There have been a number of cases over the past few years concerning the calculation of holiday pay and whether this should include overtime and commission. It has previously been decided that normal pay has to be included in holiday pay.
The Employment Appeal Tribunal (EAT) has now decided in Dudley Metropolitan Council v Willetts and others, that purely voluntary overtime must be included in holiday pay where this is normally worked. This includes overtime where the employee decided by themselves to put their name down to work extra hours without any requirement to do so. This decision affects the first 4 weeks of annual leave in a leave year and not the additional 1.6 weeks of leave that are granted under domestic legislation.

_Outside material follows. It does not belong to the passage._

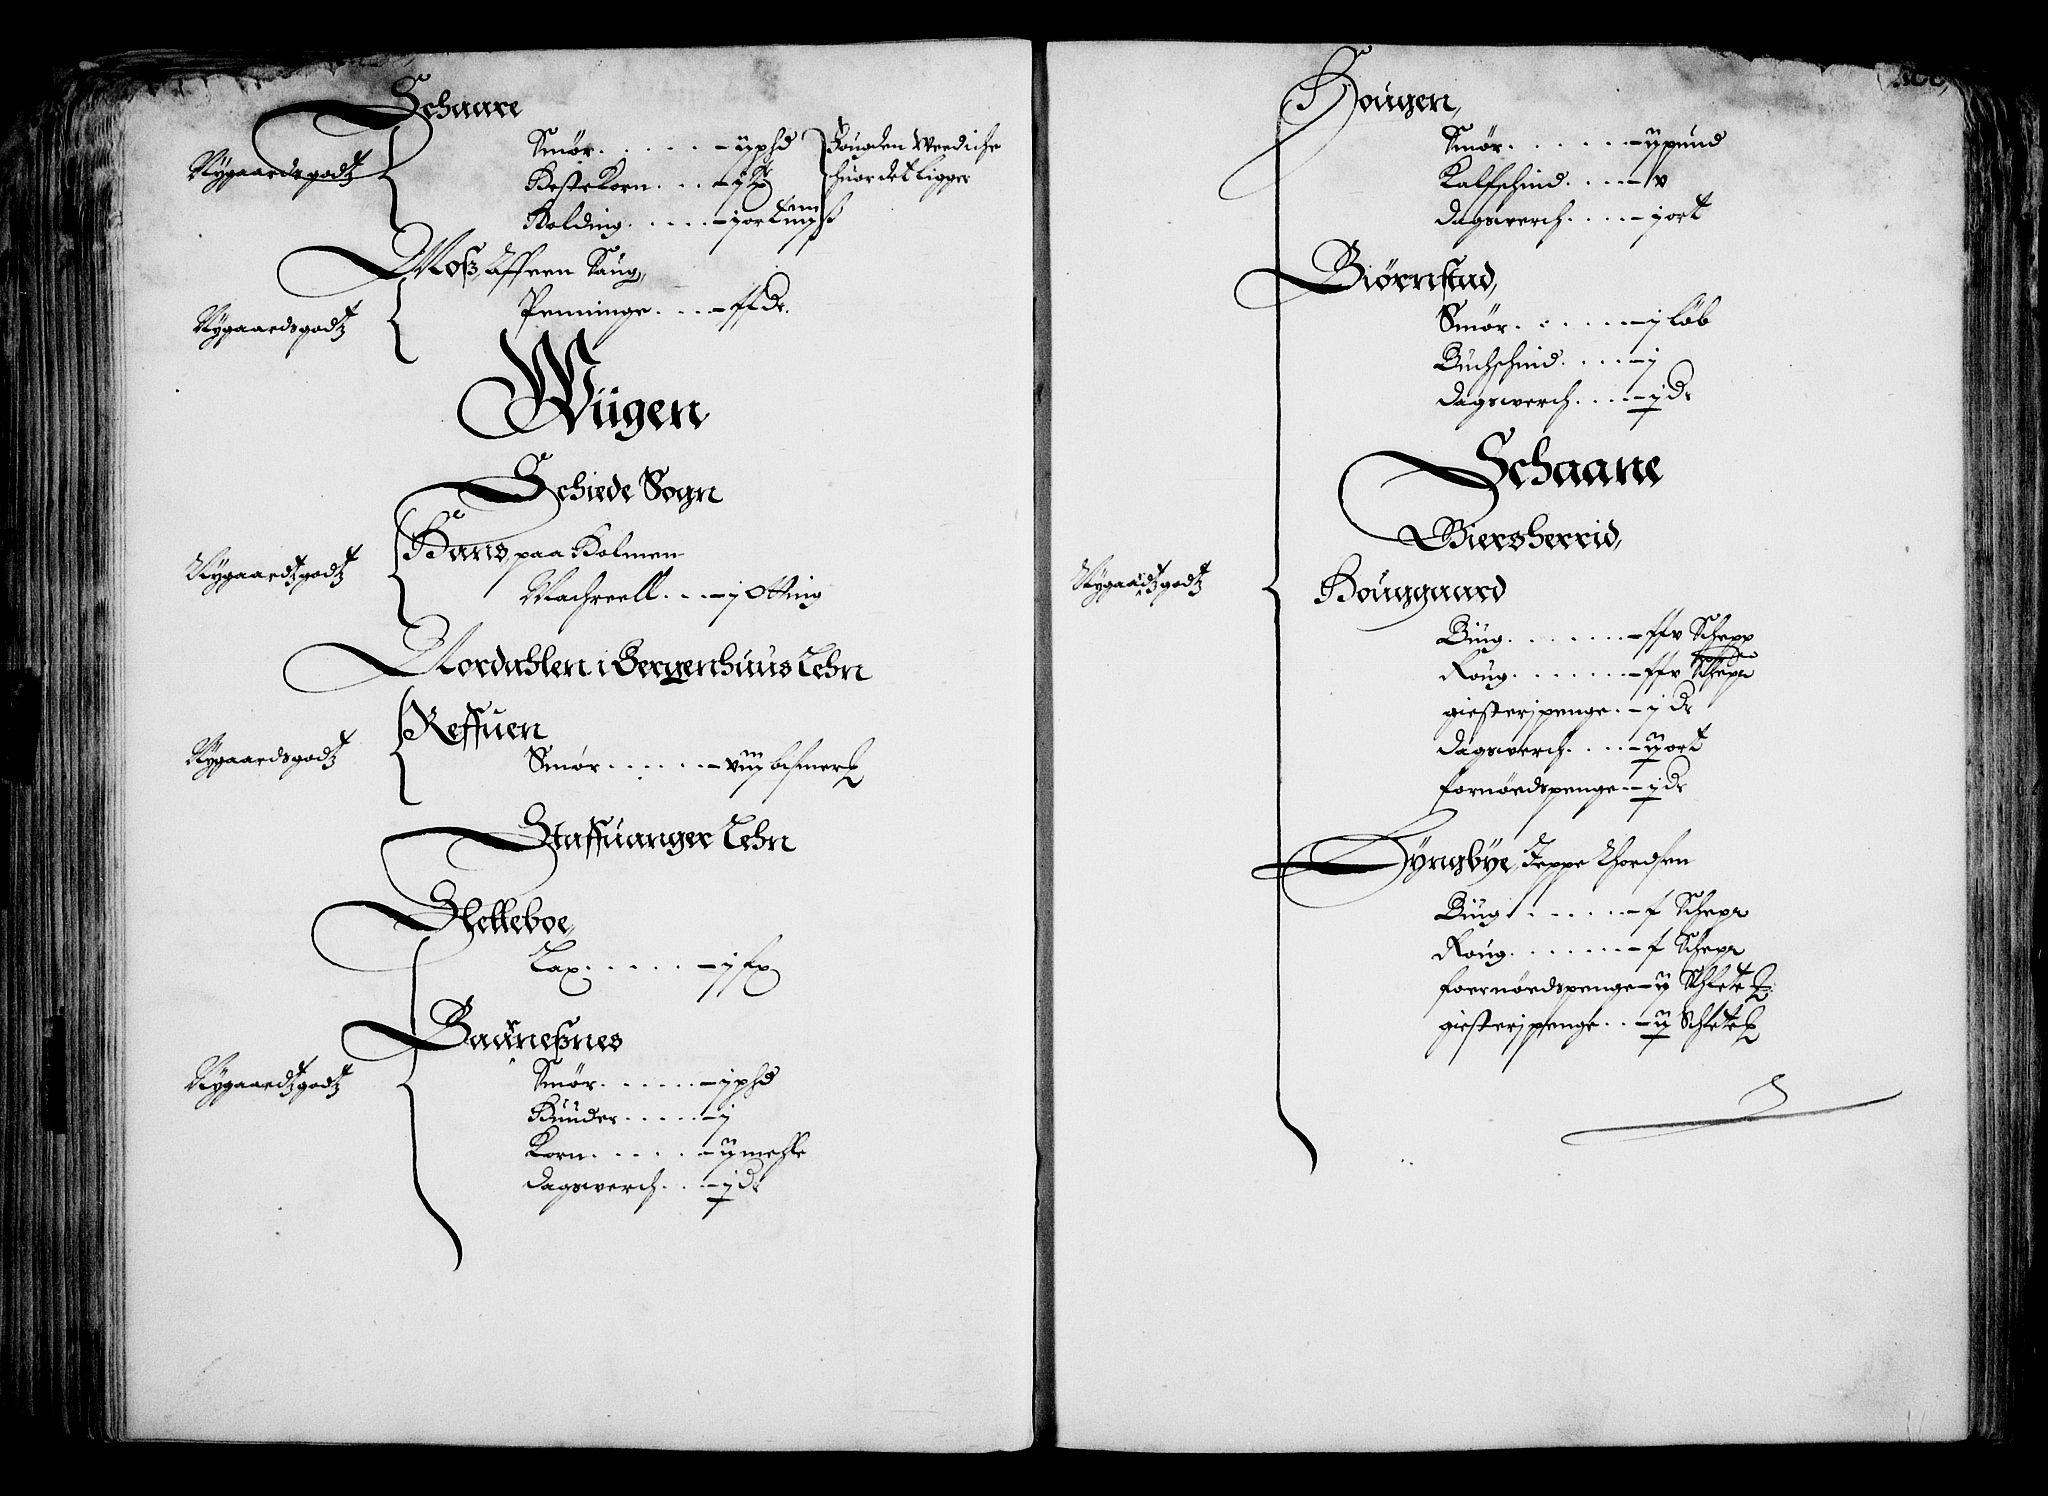 RA, Rentekammeret inntil 1814, Realistisk ordnet avdeling, On/L0001: Statens gods, 1651, s. 159
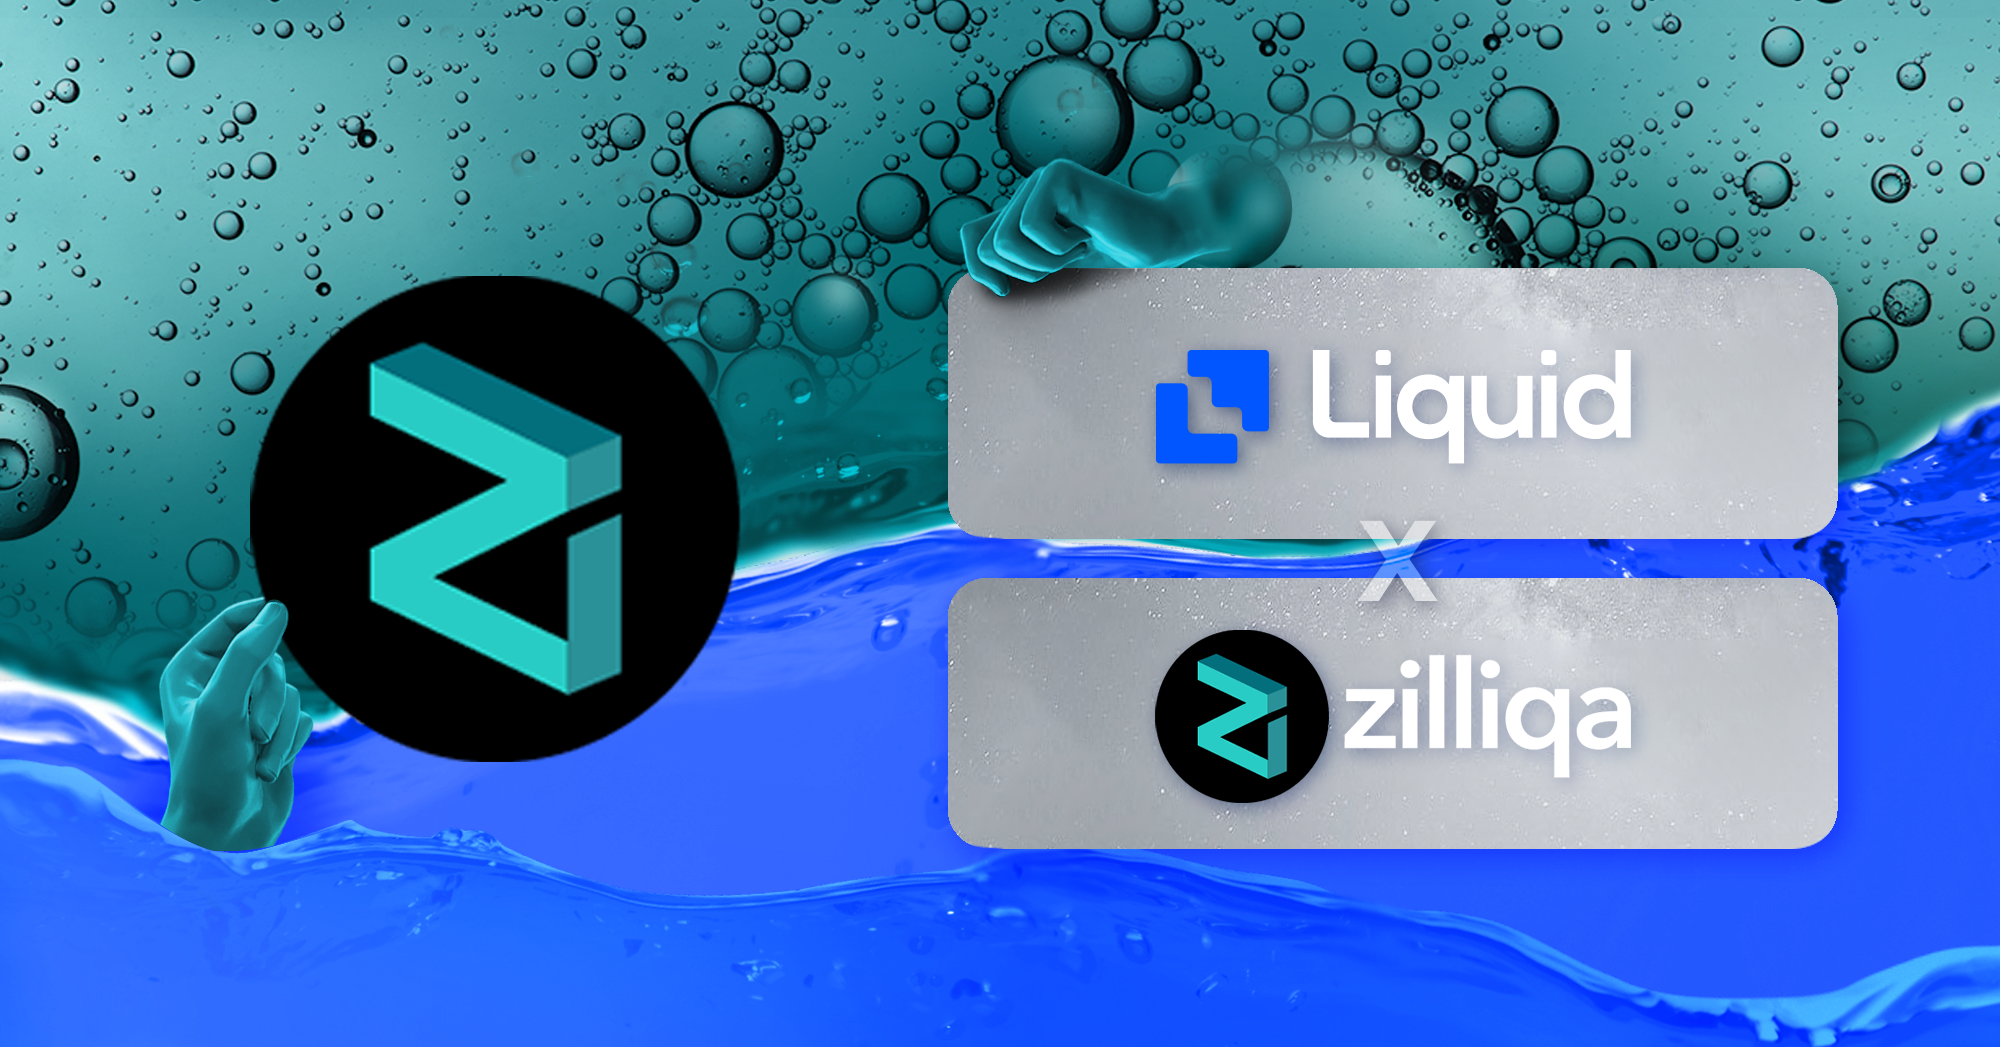 Zilliqa ZIL token listing on Liquid global exchange

The EAT did not define normal but indicated it will be where a pattern of work extends for a sufficient period of time on a regular or recurring basis, for example, where voluntary overtime is paid in every pay packet over a sufficient period of time. Each case will depend on the facts and it will be for a tribunal to decide whether voluntary overtime is regular and settled.
As the highest decision on this matter, this EAT decision will be binding on all employment tribunals that are considering this issue. The case may be appealed to the Court of Appeal and, in this situation, any claims that are submitted will be stayed until a final outcome is decided.
Employees who feel they should have voluntary overtime included in their pay calculations are likely to now speak to their employers or their unions about having this included. Employees who wish to go to tribunal must make an unlawful deductions claim within 3 months of their last holiday. They can go on to claim back pay for a maximum of two years so long as there is not a break of more than 3 months between any holiday taken. A break of more than 3 months between holidays will break the chain of underpayments.
The removal of tribunal fees makes this decision more troublesome for employers as it’s likely to lead to an influx of claims from employees who have not previously received this payment in their holiday pay. Employers can “make good” a claim by paying any underpayment that has occurred in the past three months and then, going forwards, reduce the risk by including voluntary overtime in the holiday pay calculation.